Boyd's awful ball security was the most egregious and costly moment, but the return game had plenty to cringe about. The blocking remained a vast wasteland, Daje casually allowed a post-penalty kickoff to bounce in front of him, and Kirk Johnson attempted to circumnavigate the Earth on a lateral jaunt from the 20 yard line all the way to the 21. Tack on an awful block in the back penalty to tee up Texas inside their own ten on yet ANOTHER drive and the 2014 flashbacks were in full swing.
If you're willing to take personnel and context into account, you can explain the performance of just about every unit on this squad aside from return blocking. It has been uniformly awful, and there are just no excuses to be had.
The Bottom Line
Luke: What's in there?
Yoda: Only what you take with you.
This was a game flexible enough to suit any pre-existing narrative.
Invested in the idea that this team is making strides? The punishing performance on the ground speaks to better days ahead, as does the fact that a team who'd shown less road-game resistance than the average armadillo finally found their inner Max Rockatansky despite multiple invitations to drop their heads and pack it in.

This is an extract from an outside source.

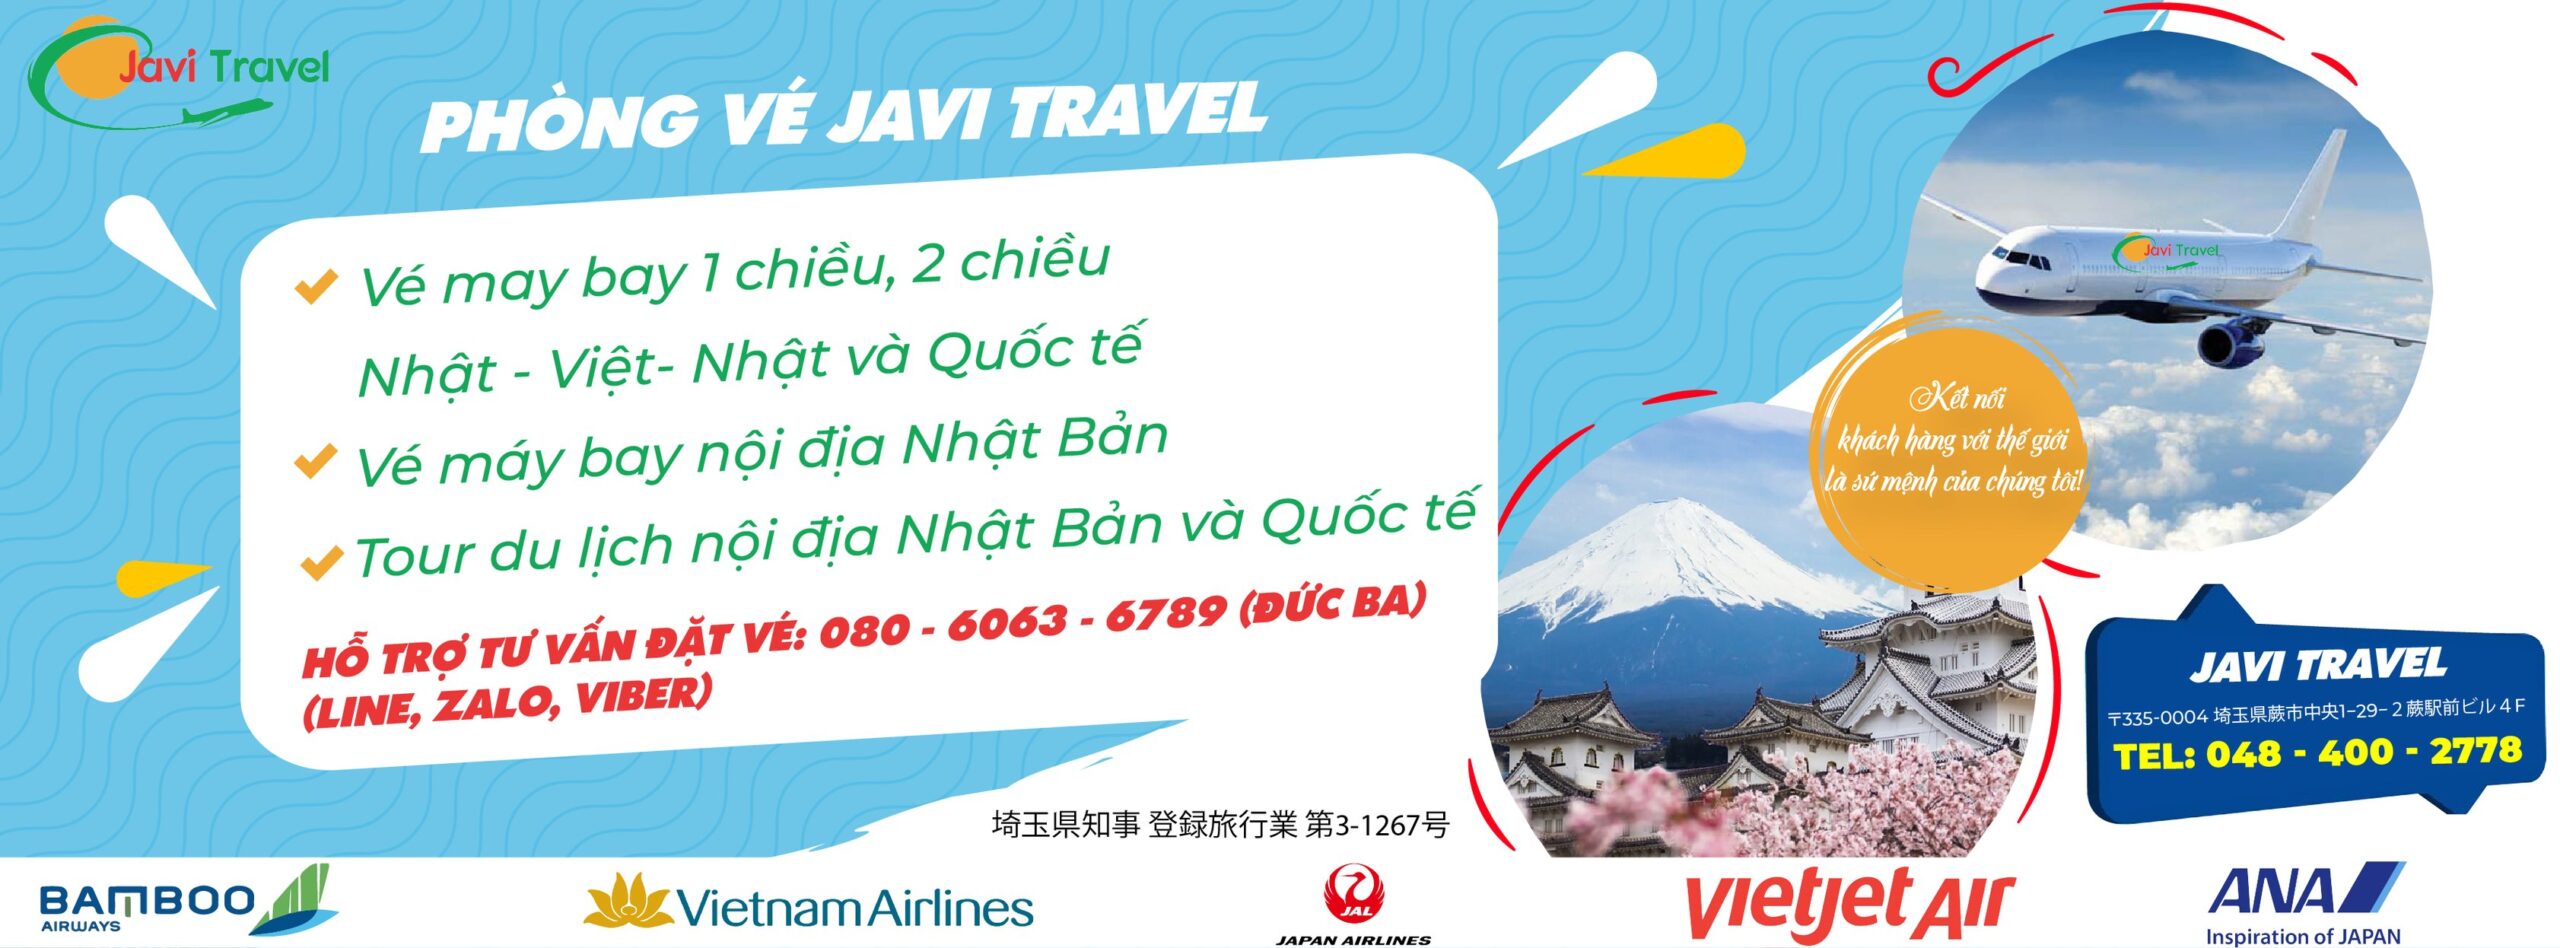 Javi Travel - Đại lý vé máy bay nội địa Nhật Bản - Vé máy bay 1 chiều, khứ hồi Nhật - Việt, Nhật và Quốc Tế

Convinced Charlie has to go? Just point to the score, point to the resultant 4-6 record and let everyone know that five-turnover games simply never happen to well-coached teams.
On the fence? That's likely where you'll remain.
Ultimately this loss stung more for the fact that absolutely batters Texas' bowl game hopes than for the revelation of any unavoidable long-term doom. But the strong likelihood of a second straight losing season casts its own pall on the staff's prospects going forward.
Prospects which could be greatly enhanced by handling Tech on Turkey Day.